Наконец, около половины одиннадцатого, князя оставили одного, у него болела голова; всех позже ушел Коля, помогший ему переменить подвенечное одеяние на домашнее платье. Они расстались горячо. Коля не распространялся о событии, но обещался придти завтра пораньше. Он же засвидетельствовал потом, что князь ни о чем не предупредил его в последнее прощанье, стало быть, и от него даже скрывал свои намерения. Скоро во всем доме почти никого не осталось: Бурдовский ушел к Ипполиту, Келлер и Лебедев куда-то отправились. Одна только Вера Лебедева оставалась еще некоторое время в комнатах, приводя их наскоро из праздничного в обыкновенный вид. Уходя, она заглянула к князю. Он сидел за столом, опершись на него обоими локтями и закрыв руками голову. Она тихо подошла к нему и тронула его за плечо; князь в недоумении посмотрел на нее и почти с минуту как бы припоминал; но припомнив и всё сообразив, он вдруг пришел в чрезвычайное волнение. Всё, впрочем, разрешилось чрезвычайною и горячею просьбой к Вере, чтобы завтра утром, с первой машиной, в семь часов, постучались к нему в комнату. Вера обещалась; князь начал с жаром просить ее никому об этом не сообщать; она пообещалась и в этом, и, наконец, когда уже совсем отворила дверь, чтобы выйти, князь остановил ее еще в третий раз, взял за руки, поцеловал их, потом поцеловал ее самое в лоб и с каким-то “необыкновенным видом выговорил ей: “до завтра!” Так по крайней мере передавала потом Вера. Она ушла в большом за него страхе. Поутру она несколько ободрилась, когда в восьмом часу по уговору постучалась в его дверь и возвестила ему, что машина в Петербург уйдет через четверть часа; ей показалось, что он отворил ей совершенно бодрый, и даже с улыбкой. Он почти не раздевался ночью, но однако же спал. По его мнению, он мог возвратиться сегодня же. Выходило, стало быть, что одной ей он нашел возможным и нужным сообщить в эту минуту, что отправляется в город.

XI.

Час спустя он уже был в Петербурге, а в десятом часу звонил к Рогожину. Он вошел с парадного входа, и ему долго не отворяли. Наконец, отворилась дверь из квартиры старушки Рогожиной, и показалась старенькая, благообразная служанка.
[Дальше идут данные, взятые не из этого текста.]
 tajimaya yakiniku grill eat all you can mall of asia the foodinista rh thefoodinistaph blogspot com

— Парфена Семеновича дома нет, — возвестила она из двери, — вам кого?

— Парфена Семеновича.

— Их дома нет-с.

Служанка осматривала князя с диким любопытством.
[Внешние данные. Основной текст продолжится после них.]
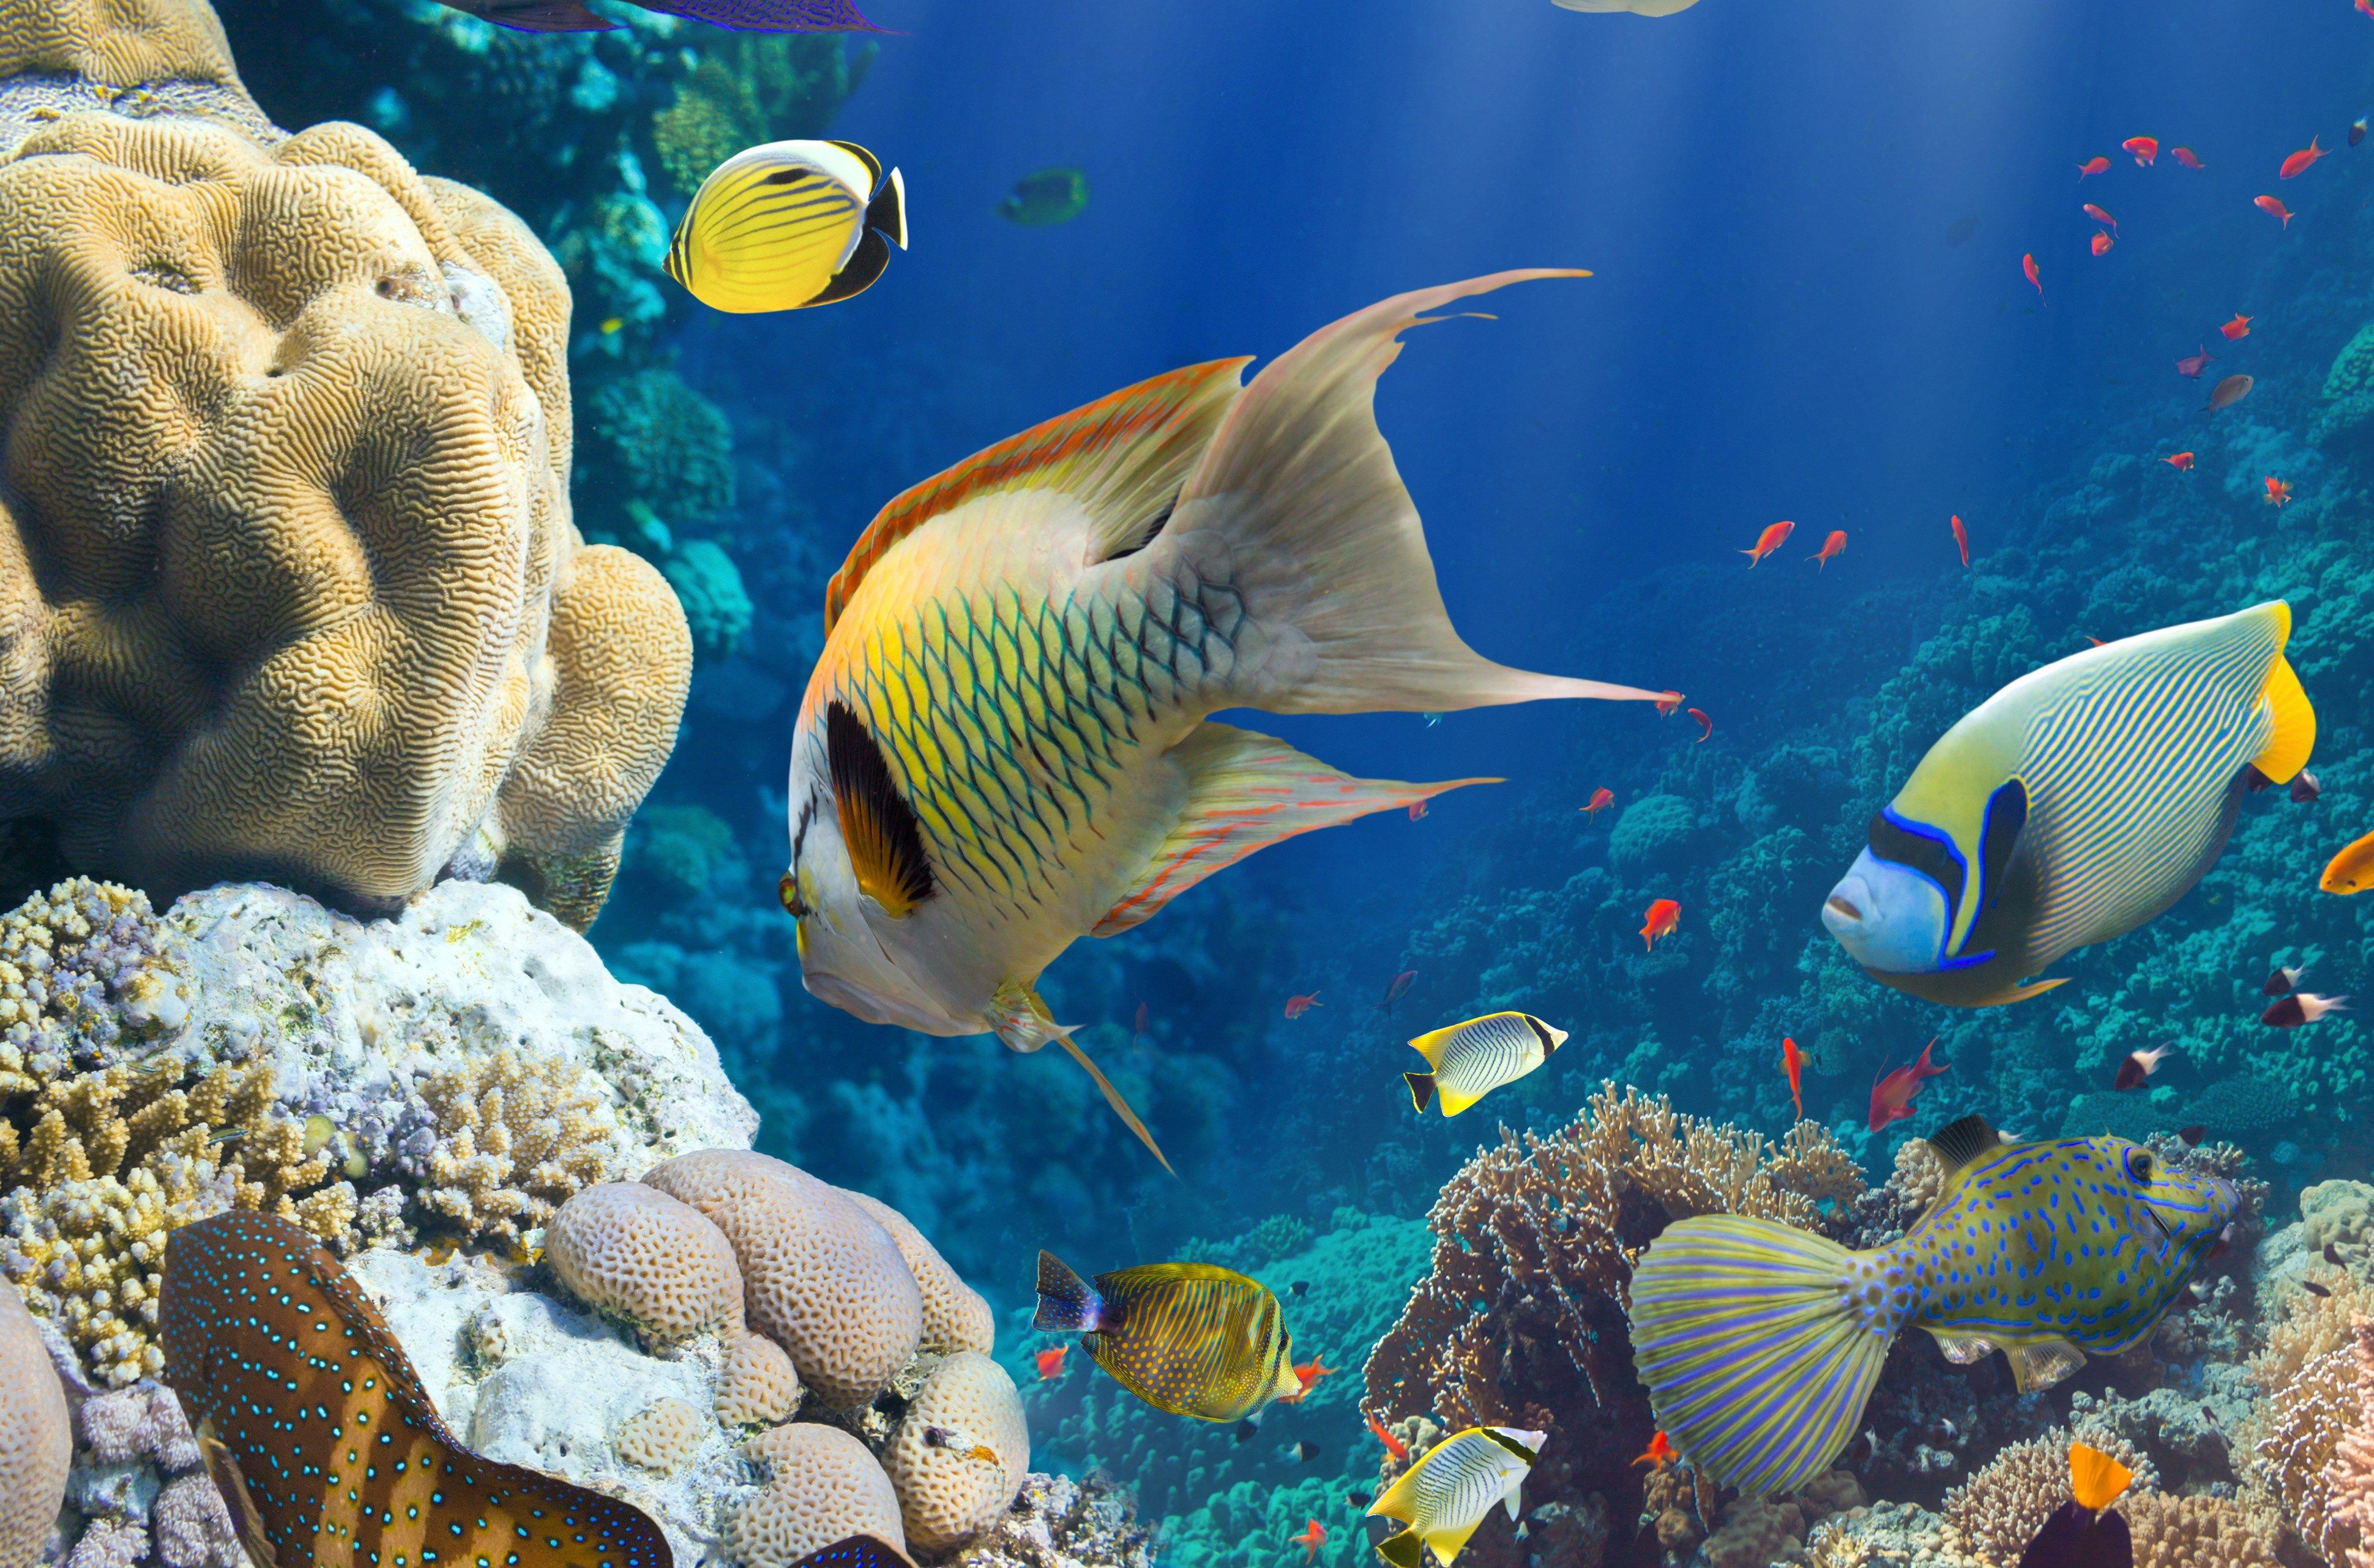 Amazing Fish Underwater Wallpaper Colorful Fish Animals

— По крайней мере, скажите, ночевал ли он дома? И… один ли воротился вчера?

Служанка продолжала смотреть, но не отвечала.

— Не было ли с ним, вчера, здесь… ввечеру… Настасьи Филипповны?

— А позвольте спросить, вы кто таков сами изволите быть?

— Князь Лев Николаевич Мышкин, мы очень хороша знакомы.

— Их нету дома-с.

Служанка потупила глаза.

— А Настасьи Филипповны?

— Ничего я этого не знаю-с.

— Постойте, постойте! Когда же воротится?

— И этого не знаем-с.

Двери затворились.

Князь решил зайти через час. Заглянув во двор, он повстречал дворника.

— Парфен Семенович дома?

— Дома-с.

— Как же мне сейчас сказали, что нет дома?

— У него сказали?

— Нет, служанка, от матушки ихней, а к Парфену Семеновичу я звонил, никто не отпер.

— Может, и вышел, — решил дворник, — ведь не сказывается. А иной раз и ключ с собой унесет, по три дня комнаты запертые стоят.

— Вчера ты наверно знаешь, что дома был?

— Был. Иной раз с парадного хода зайдет, и не увидишь.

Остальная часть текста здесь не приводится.